### DATA EXCERPT
_ _ _ _ _ _ _
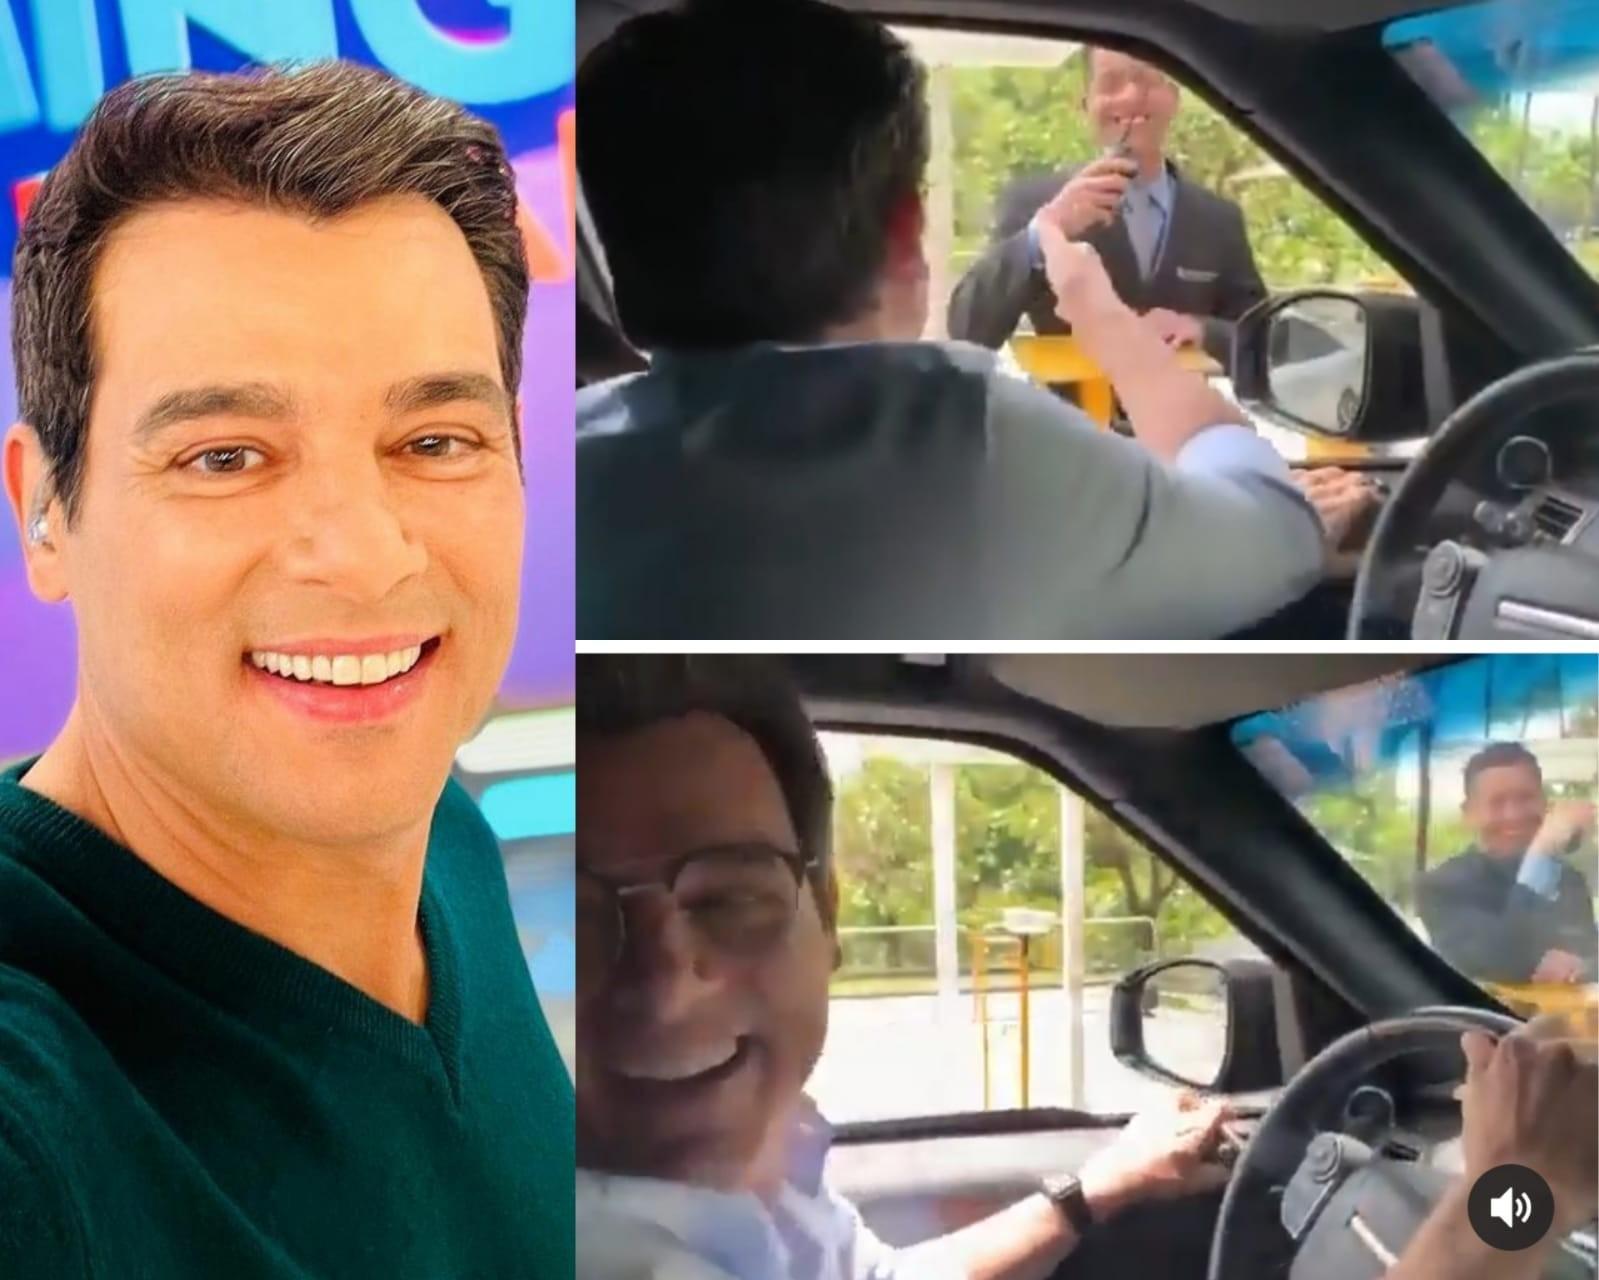 Celso Portiolli trola segurança da Globo
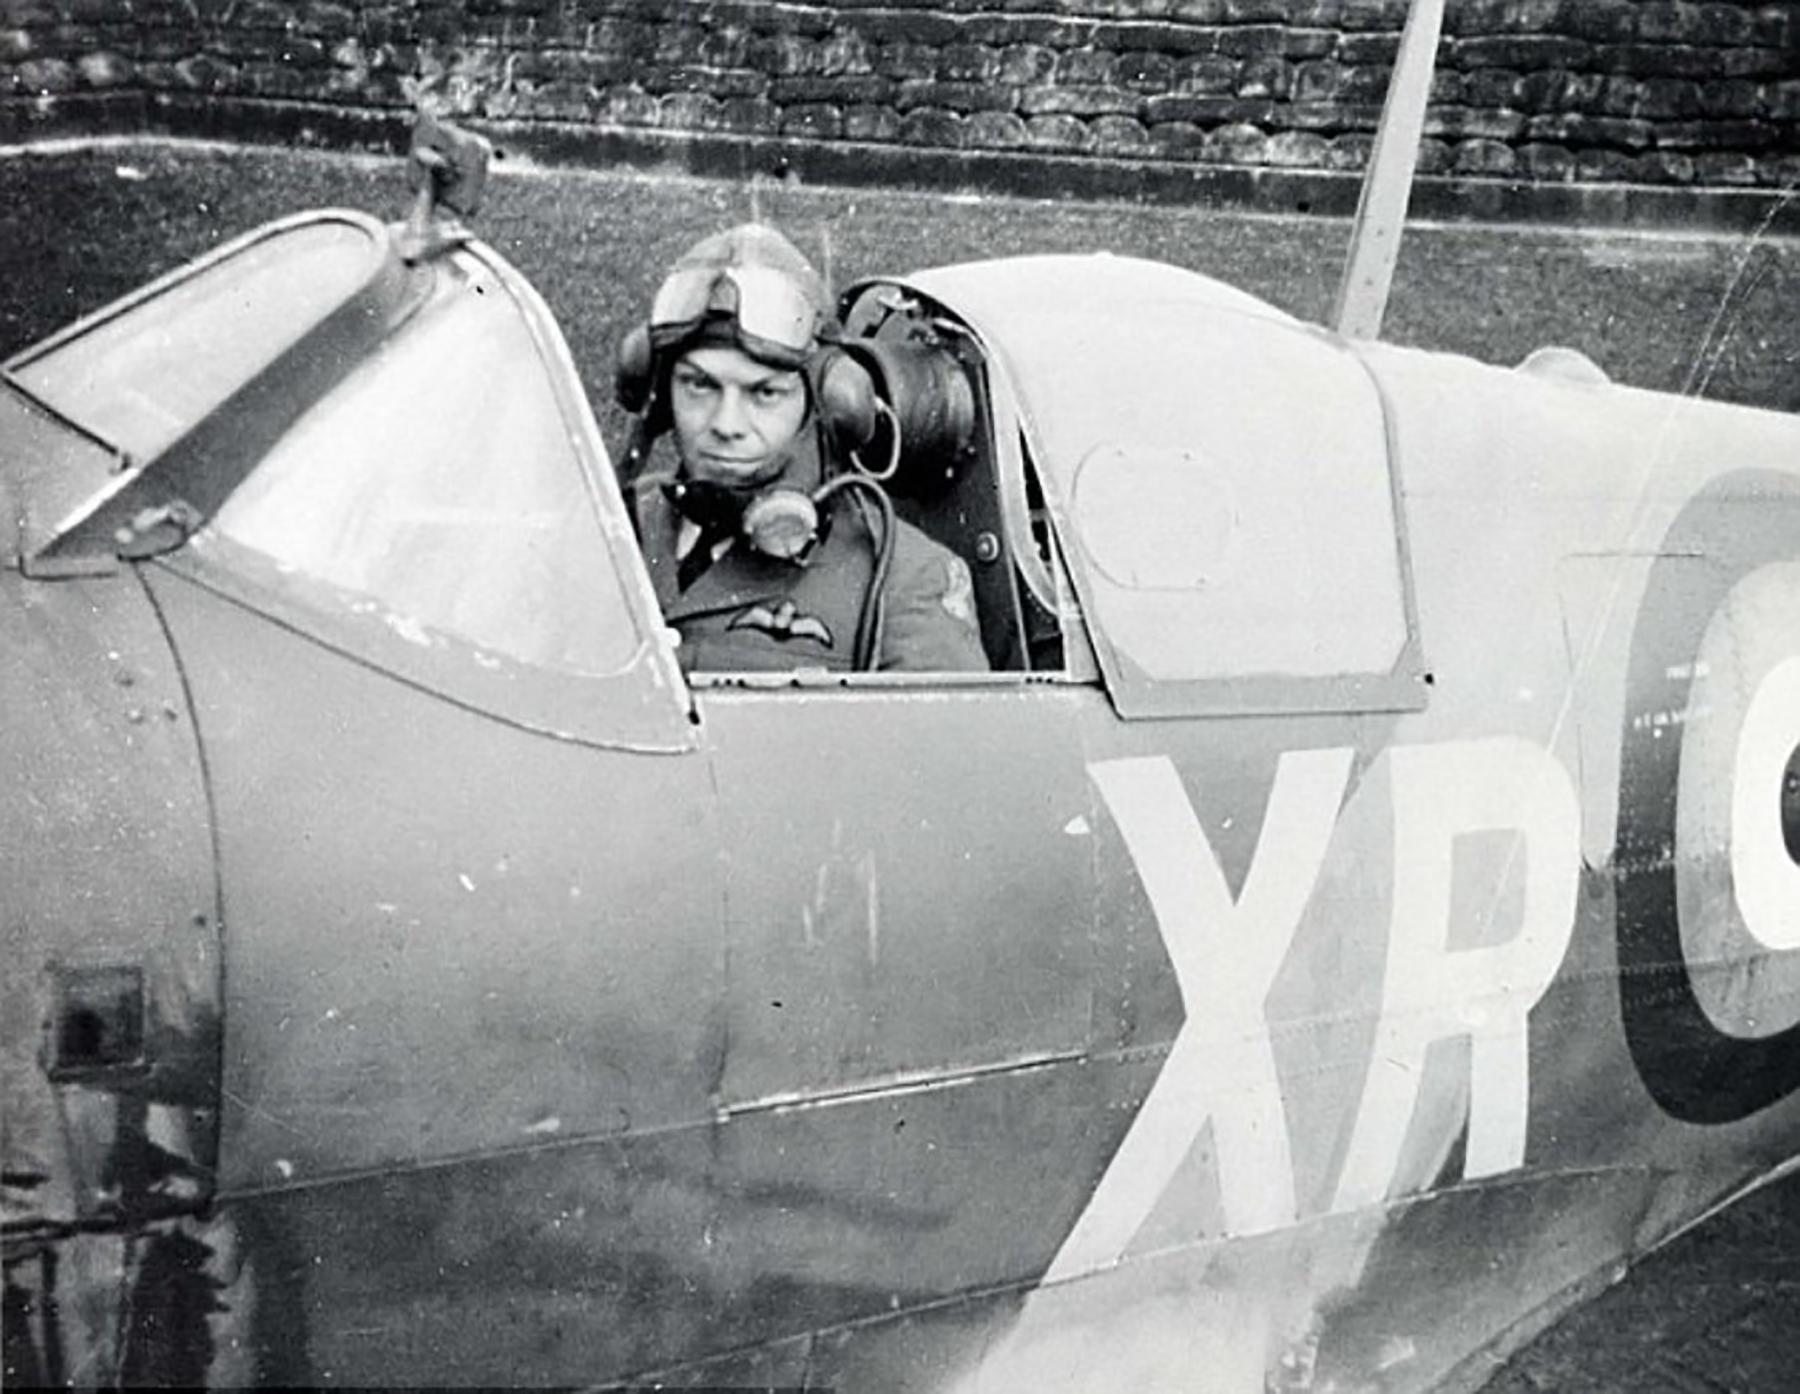 Spitfire MkVb RAF 71Sqn XRD Bill Dunn P7308 North Weald 1941 01
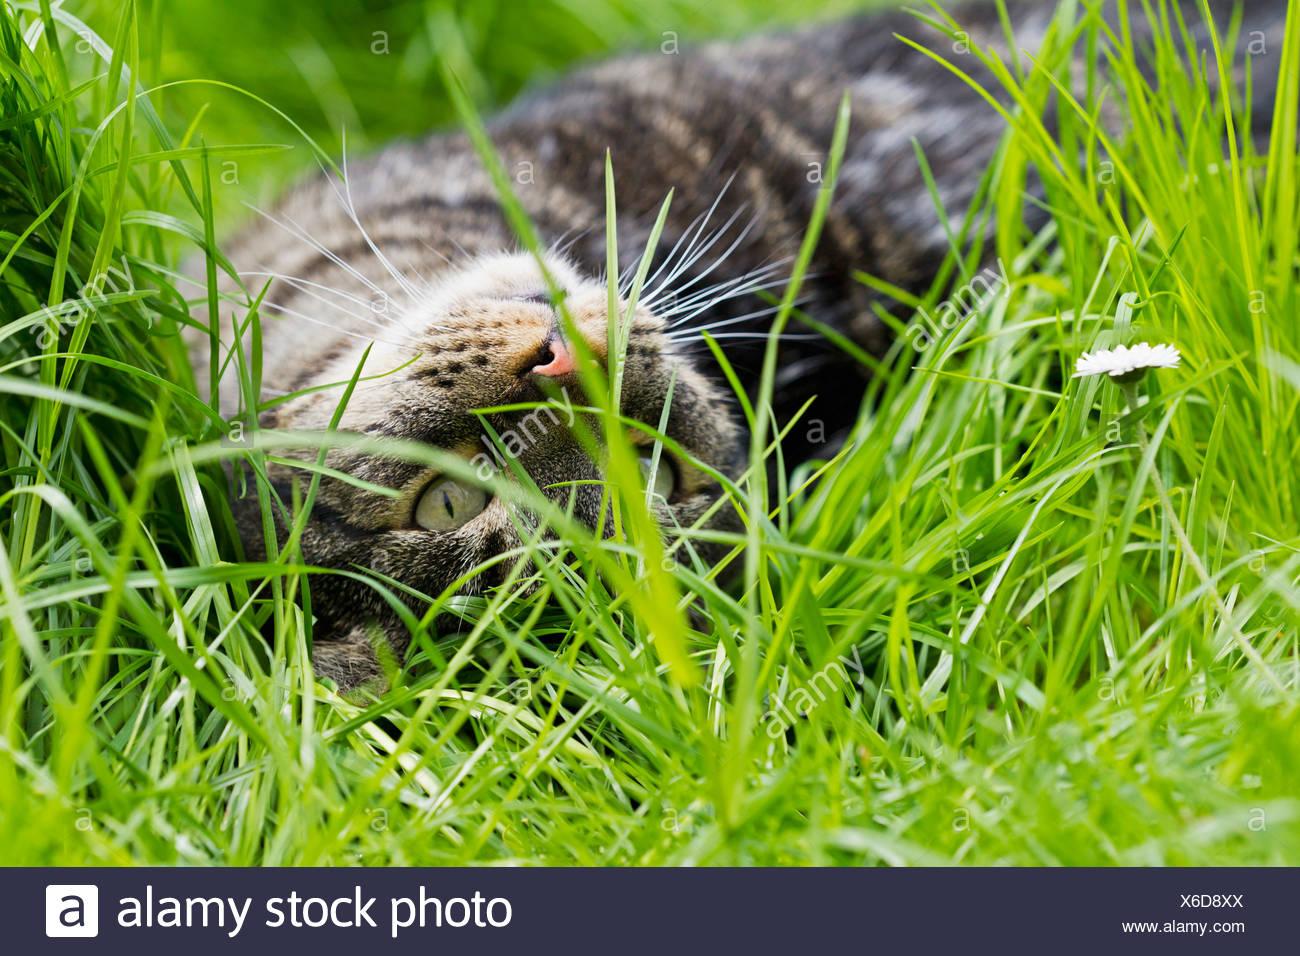 Alemania, Baviera, European Shorthair gato tumbado sobre pradera Imagen De Stock
_ _ _ _ _ _ _
### TASK GOAL
Begin with the line holding "Spitfire MkVb RAF" and end with the last line of the listing. Reproduce each of those lines exactly, and leave every picture out.

### RESPONSE BELOW
 Spitfire MkVb RAF 71Sqn XRD Bill Dunn P7308 North Weald 1941 01
 Alemania, Baviera, European Shorthair gato tumbado sobre pradera Imagen De Stock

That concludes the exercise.